If the answer is manual, then what are the "best practice" approaches for synchronizing libraries (installation path, version, etc.) over a large number of distributed nodes?

推荐答案

实际上已经尝试过,我认为我作为评论发布的链接并不能完全满足您对依赖项的要求.您相当合理地要求的是一种让 Spark 在安装依赖项方面与 setuptools 和 pip 完美配合的方法.这让我大吃一惊,这在 Spark 中并没有得到更好的支持.第三方依赖问题在通用 Python 中基本上得到了解决,但在 Spark 下,似乎假设您将回到手动依赖管理或其他方面.

Actually having actually tried it, I think the link I posted as a comment doesn't do exactly what you want with dependencies. What you are quite reasonably asking for is a way to have Spark play nicely with setuptools and pip regarding installing dependencies. It blows my mind that this isn't supported better in Spark. The third-party dependency problem is largely solved in general purpose Python, but under Spark, it seems the assumption is you'll go back to manual dependency management or something.

我一直在使用基于 virtualenv 的不完善但功能齐全的管道.基本思路是

I have been using an imperfect but functional pipeline based on virtualenv. The basic idea is

  1. 纯粹为您的 Spark 节点创建一个 virtualenv
  2. 每次运行 Spark 作业时,请运行您自己的所有内部 Python 库的全新 pip install.如果您使用 setuptools 设置了这些,这将安装它们的依赖项
  3. 压缩 virtualenv 的 site-packages 目录.这将包括您的库及其依赖项,工作节点将需要这些库,但不包括他们已经拥有的标准 Python 库
  4. 将单个 .zip 文件传递​​给 --py-files
  1. Create a virtualenv purely for your Spark nodes
  2. Each time you run a Spark job, run a fresh pip install of all your own in-house Python libraries. If you have set these up with setuptools, this will install their dependencies
  3. Zip up the site-packages dir of the virtualenv. This will include your library and it's dependencies, which the worker nodes will need, but not the standard Python library, which they already have
  4. Pass the single .zip file, containing your libraries and their dependencies as an argument to --py-files

当然,您希望编写一些帮助脚本来管理此过程.这是一个改编自我一直在使用的帮助脚本,它无疑可以改进很多:

Of course you would want to code up some helper scripts to manage this process.
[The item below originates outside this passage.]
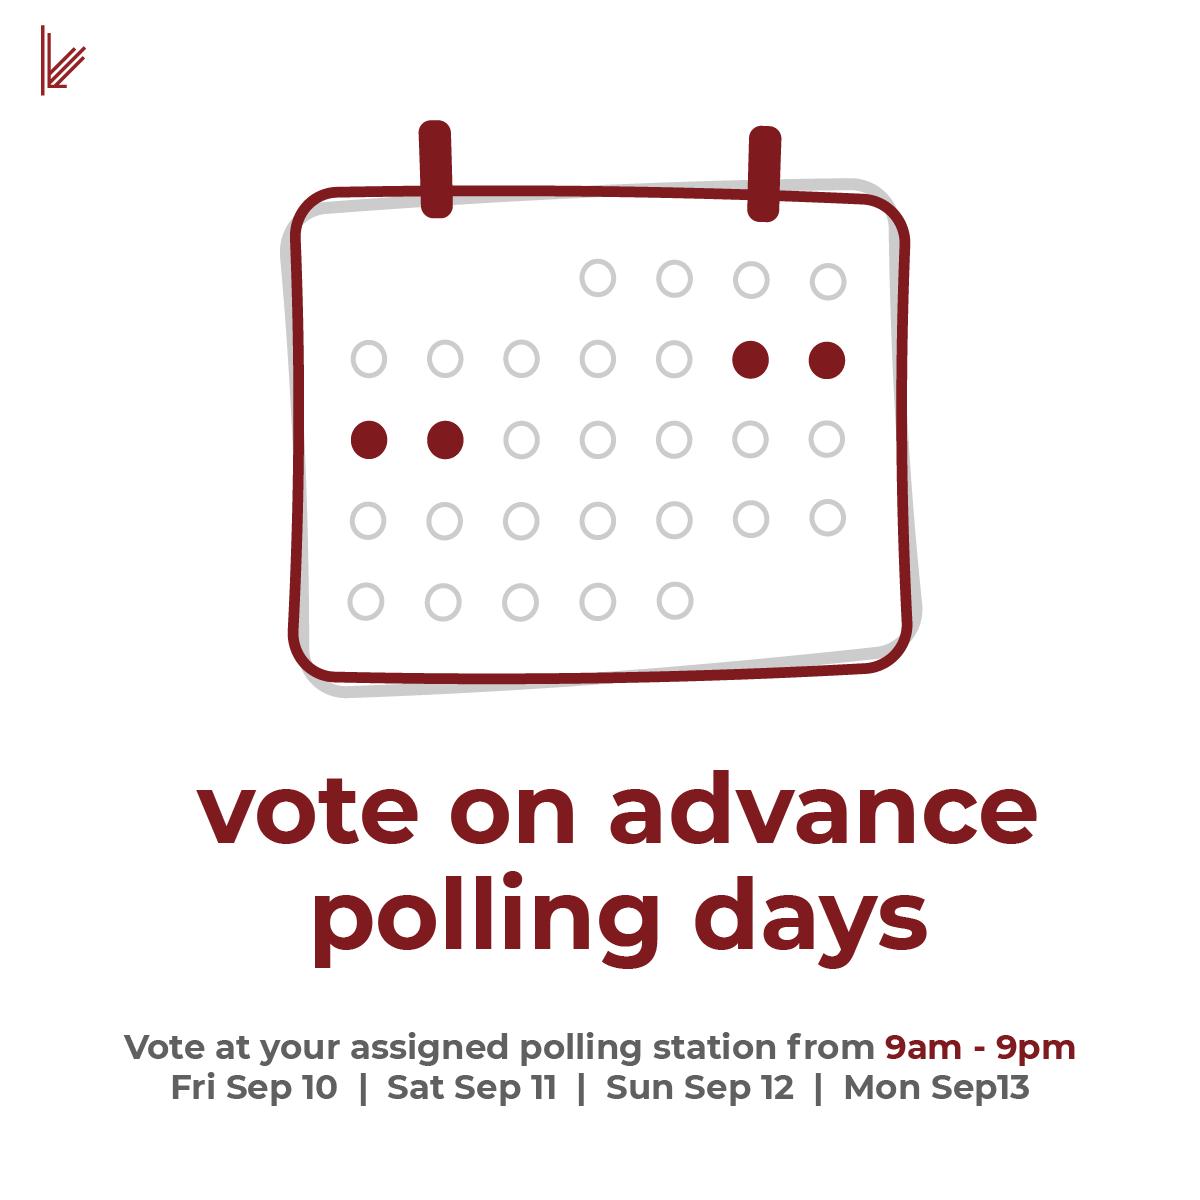 adv_poll.png
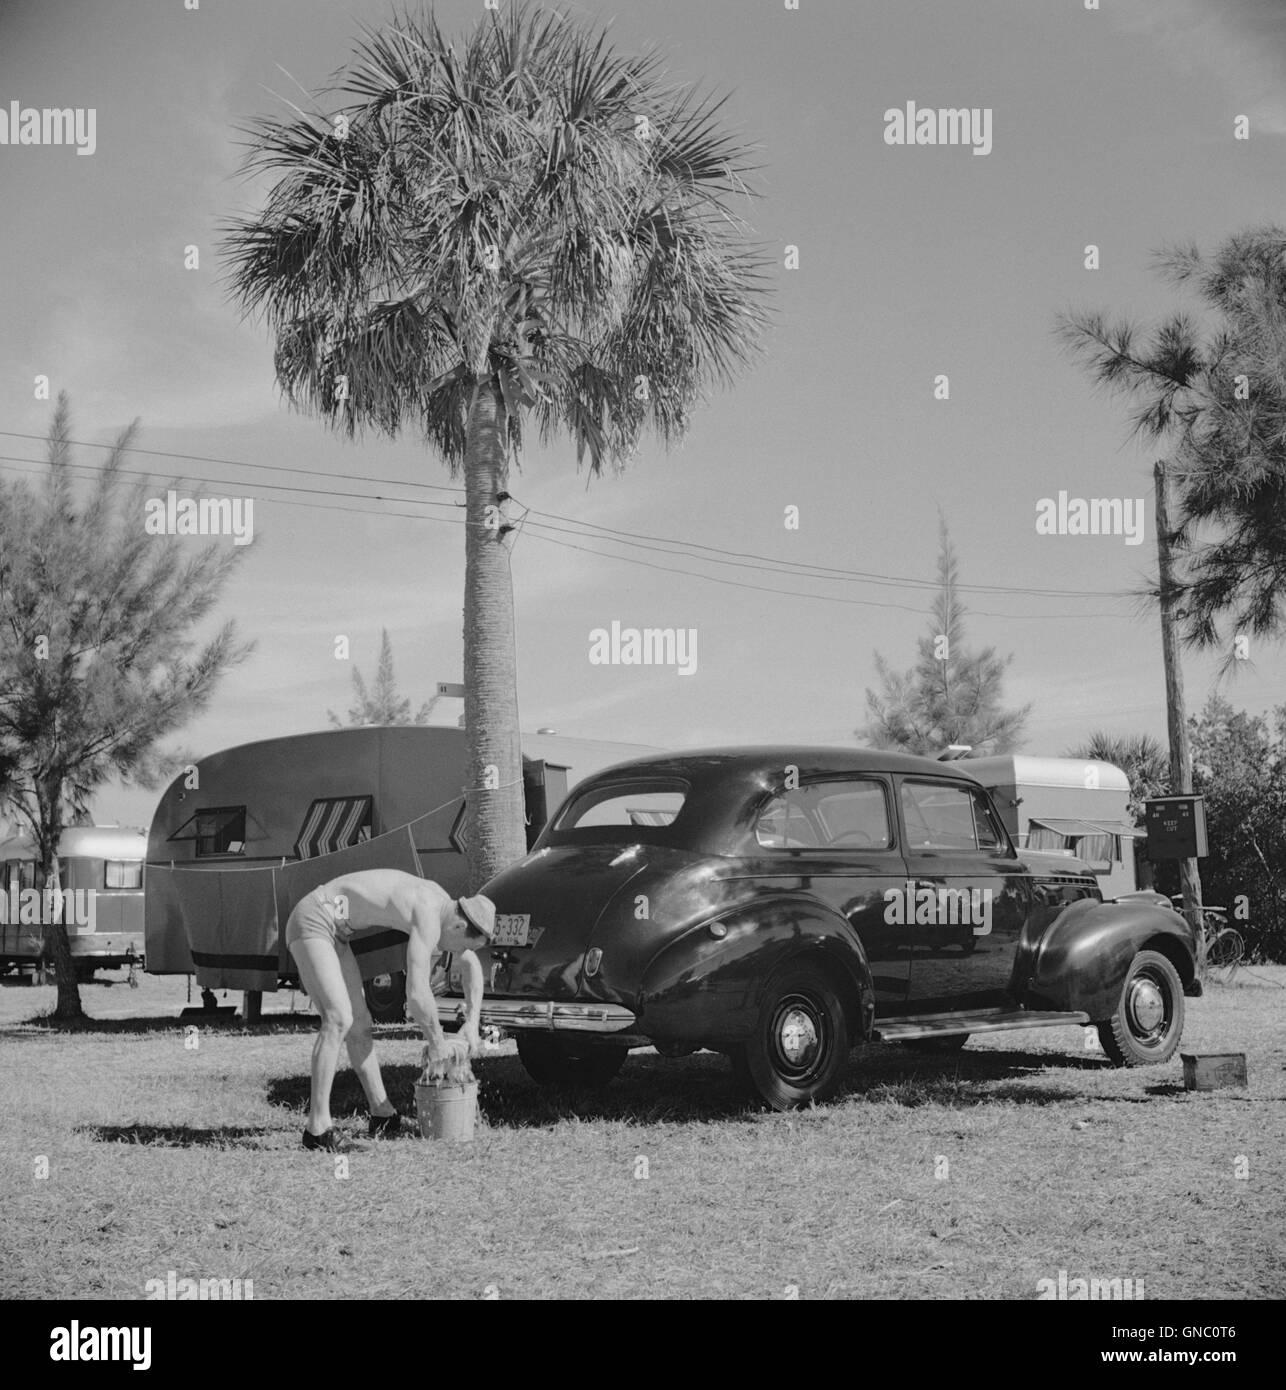 Man Washing Car at Trailer Park, Sarasota, Florida, USA, Marion Post Wolcott for Farm Security Administration, January Stock Photo

Here is a helper script adapted from one I have been using, which could doubtless be improved a lot:

#!/usr/bin/env bash
# helper script to fulfil Spark's python packaging requirements.
# Installs everything in a designated virtualenv, then zips up the virtualenv for using as an the value of
# supplied to --py-files argument of `pyspark` or `spark-submit`
# First argument should be the top-level virtualenv
# Second argument is the zipfile which will be created, and
#   which you can subsequently supply as the --py-files argument to 
#   spark-submit
# Subsequent arguments are all the private packages you wish to install
# If these are set up with setuptools, their dependencies will be installed

VENV=$1; shift
ZIPFILE=$1; shift
PACKAGES=$*

. $VENV/bin/activate
for pkg in $PACKAGES; do
  pip install --upgrade $pkg
done
TMPZIP="$TMPDIR/$RANDOM.zip" # abs path. Use random number to avoid clashes with other processes
( cd "$VENV/lib/python2.7/site-packages" && zip -q -r $TMPZIP . )
mv $TMPZIP $ZIPFILE

我有一组其他简单的包装器脚本,用于提交我的 Spark 作业.我只是首先调用此脚本作为该过程的一部分,并确保在运行 spark-submit 时将第二个参数(zip 文件的名称)作为 --py-files 参数传递(如评论中所述).我总是运行这些脚本,所以我永远不会意外运行旧代码.与 Spark 开销相比,我的小规模项目的打包开销最小.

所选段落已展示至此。